**Goal of the exercise**. Print every entry below exactly, leaving out the pictures.

**Provided data**.
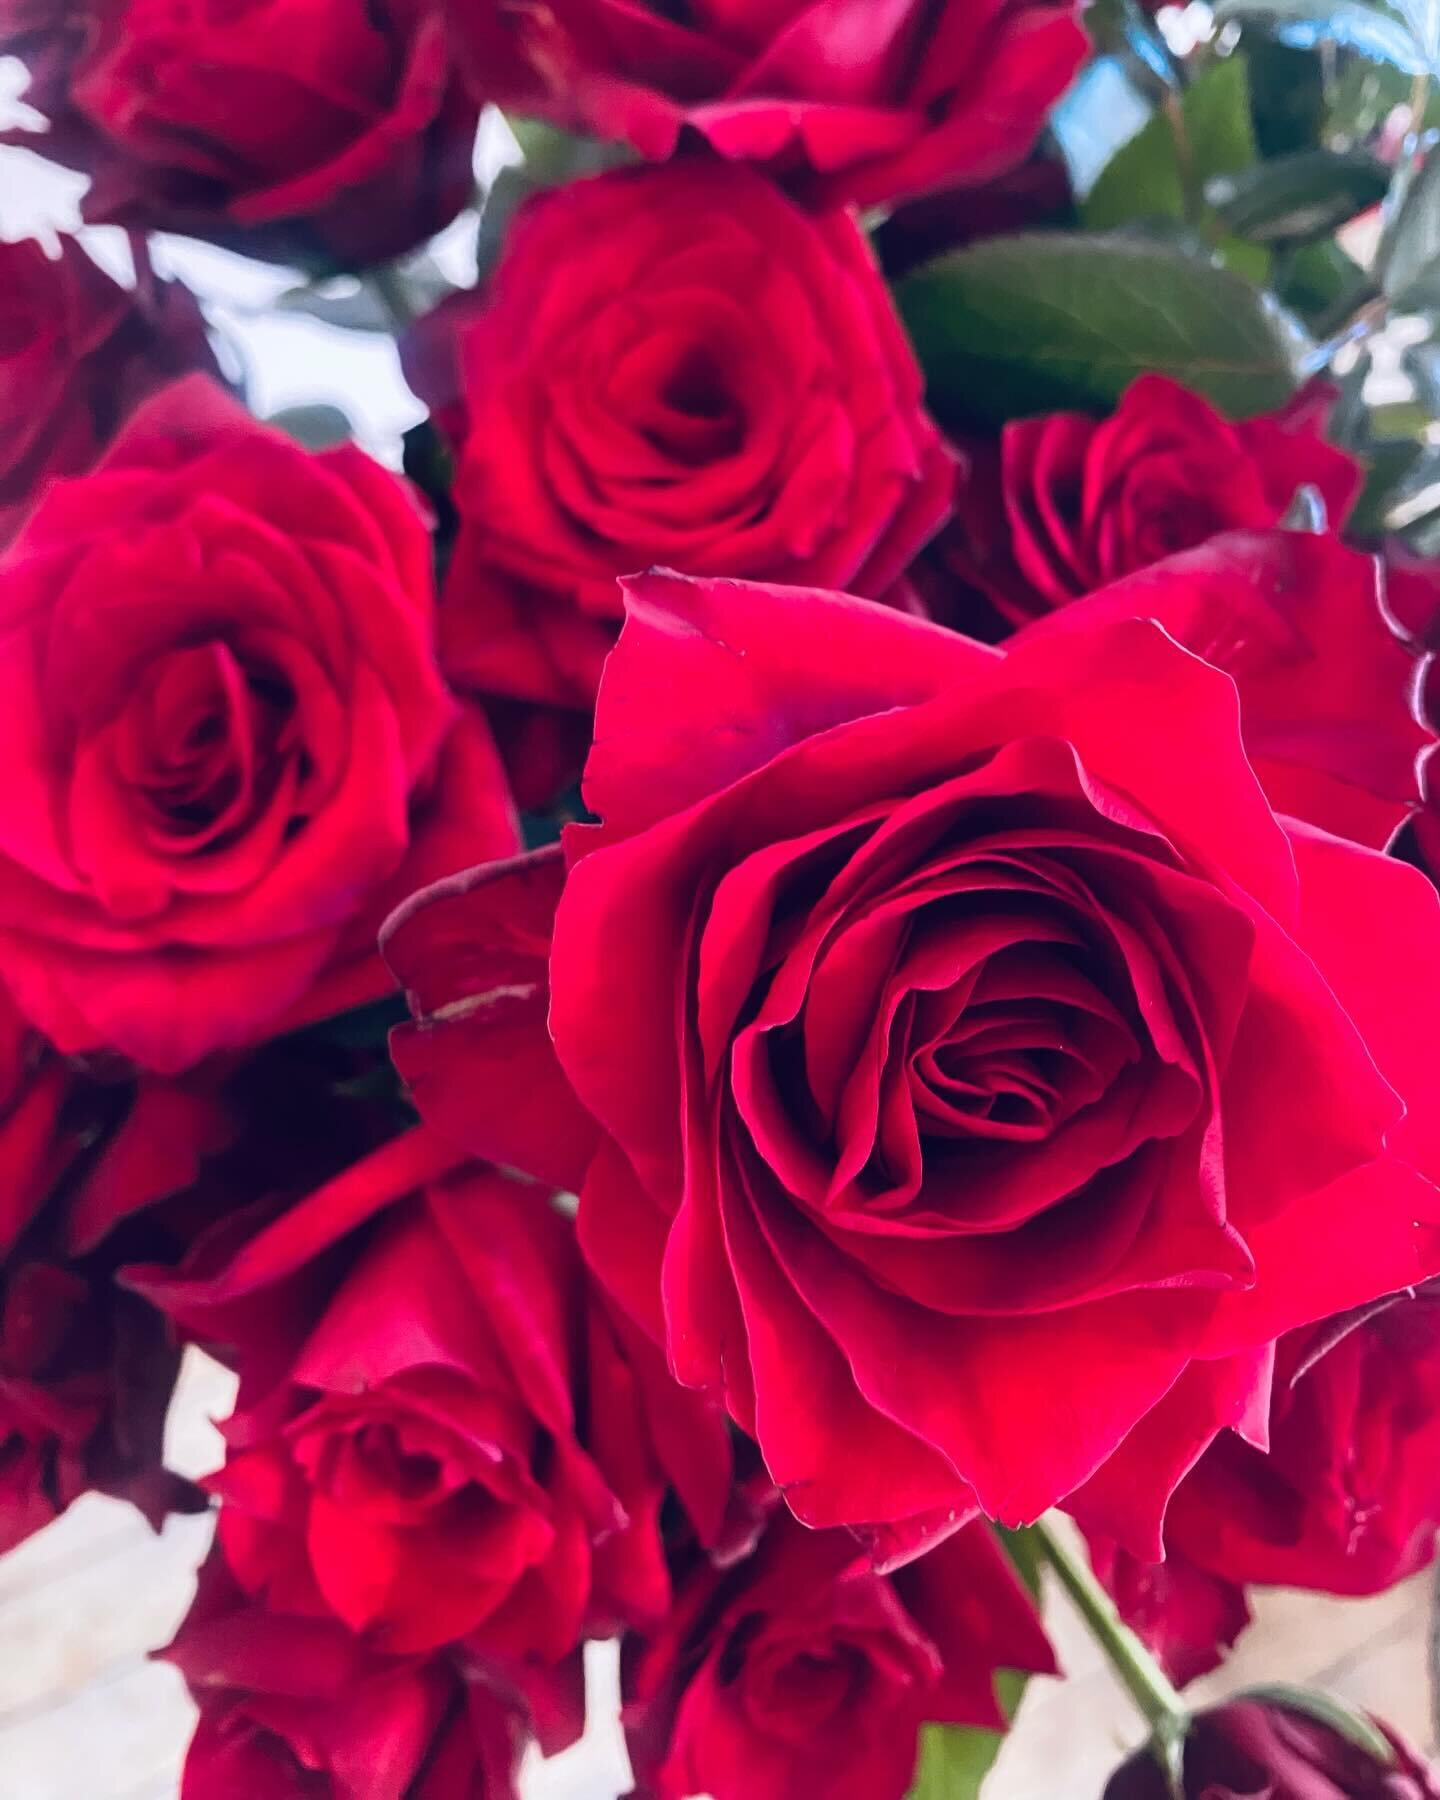 ROSES say &ldquo;I Love You&rdquo; 
Red means a deep passionate &amp; romantic love.
The perfect symbol for Valentine&rsquo;s Day.
🌹

#roses #valentines #feb14 #iloveyou #lovers

**Task answer**.
 ROSES say &ldquo;I Love You&rdquo; 
Red means a deep passionate &amp; romantic love.
The perfect symbol for Valentine&rsquo;s Day.
🌹

#roses #valentines #feb14 #iloveyou #lovers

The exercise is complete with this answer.